Leila Charlotte Evelyn Petronella Buckley (16 January 1917 – 25 January 2013), née Porter, known by her pen name Frances Lobb, was an English poet, novelist and translator. She was the daughter of Lt.-Col. Adrian Sydney Morton Porter OStJ, a King's Messenger, and the author Rose Henniker Heaton. Her grandfather was the postal reformer Sir John Henniker Heaton, 1st Baronet.

She married, firstly, the renowned Oxford classicist Courtenay Edward Stevens in 1938. She and Courtenay Stevens were divorced. She married, secondly, Philip Strachan Buckley in 1949.

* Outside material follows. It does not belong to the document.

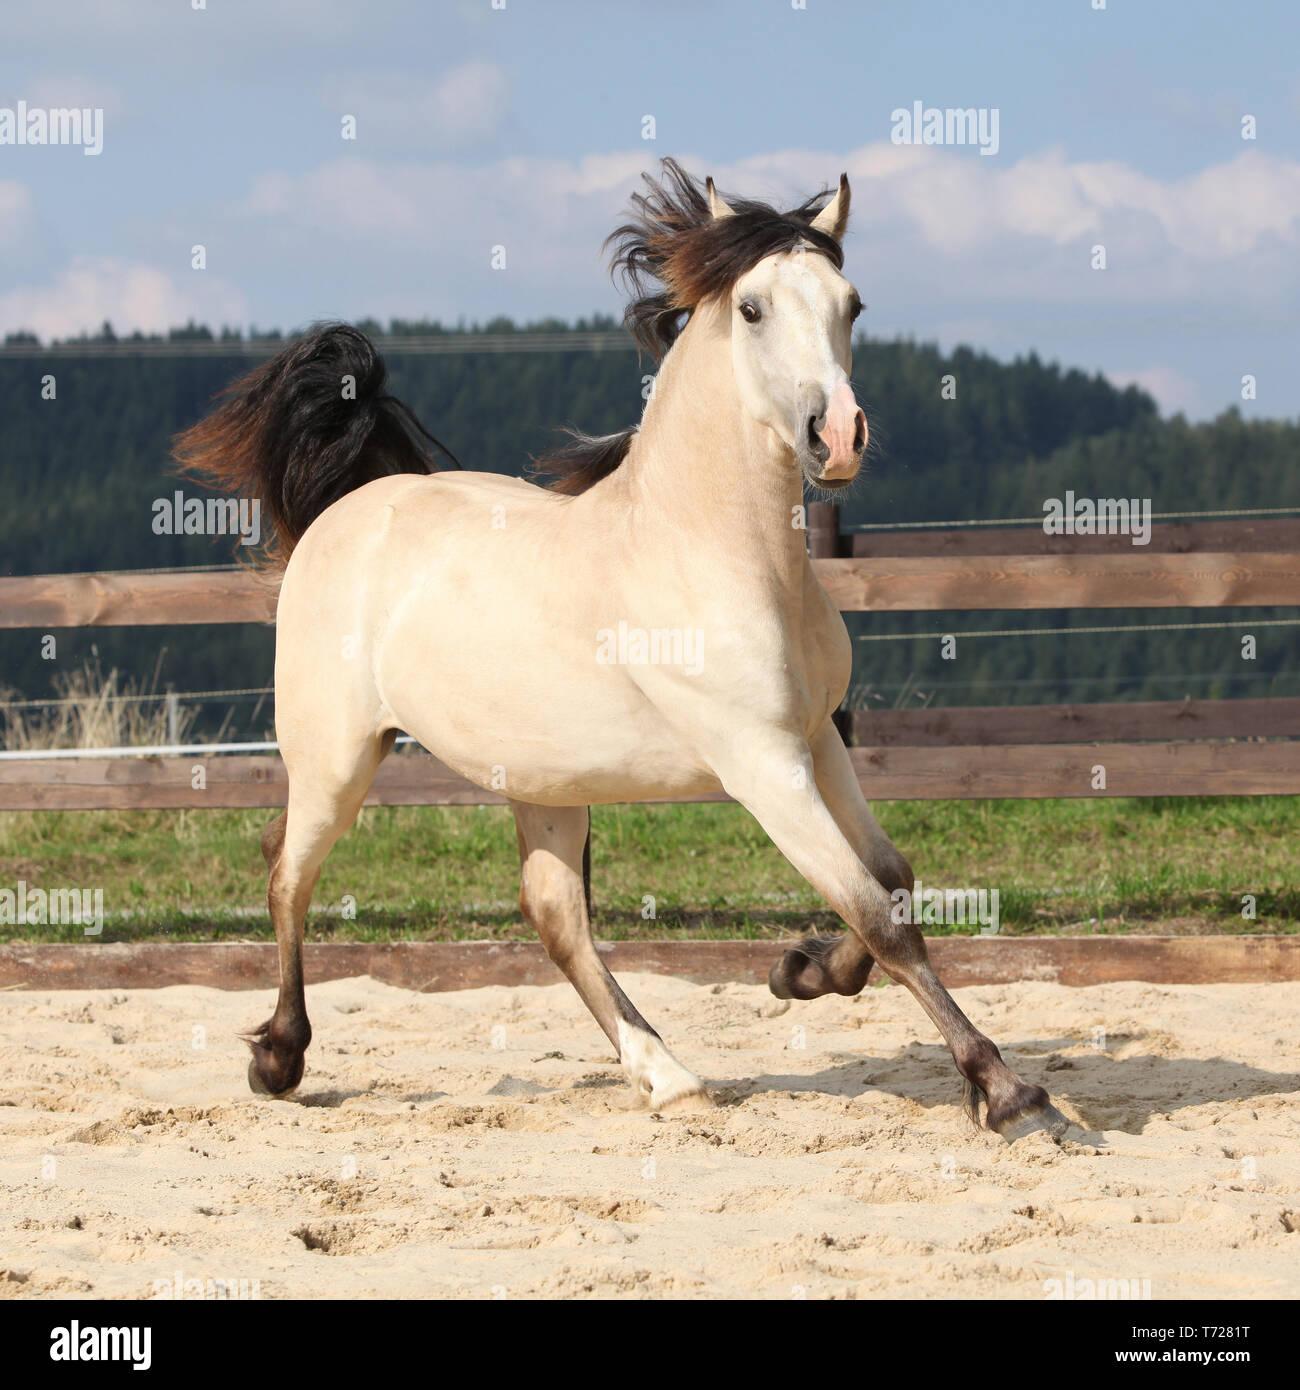 Beautiful Palomino Horse Running On The Sand Stock Photo Alamy

During the Second World War she worked in the Political Intelligence Department of the Foreign Office.

Works

Novels 
 The Vow, Book Guild, 1999
 The Strangers, Art & Educational Publishers, 1947
 Handsome Johnnie, Faber and Faber, 1941

Translations 

Leila Buckley translated works between English, German, Italian, French, Latin and ancient Greek. She is perhaps most famous as the English translator of Dino Buzzati's The Bears' Famous Invasion of Sicily.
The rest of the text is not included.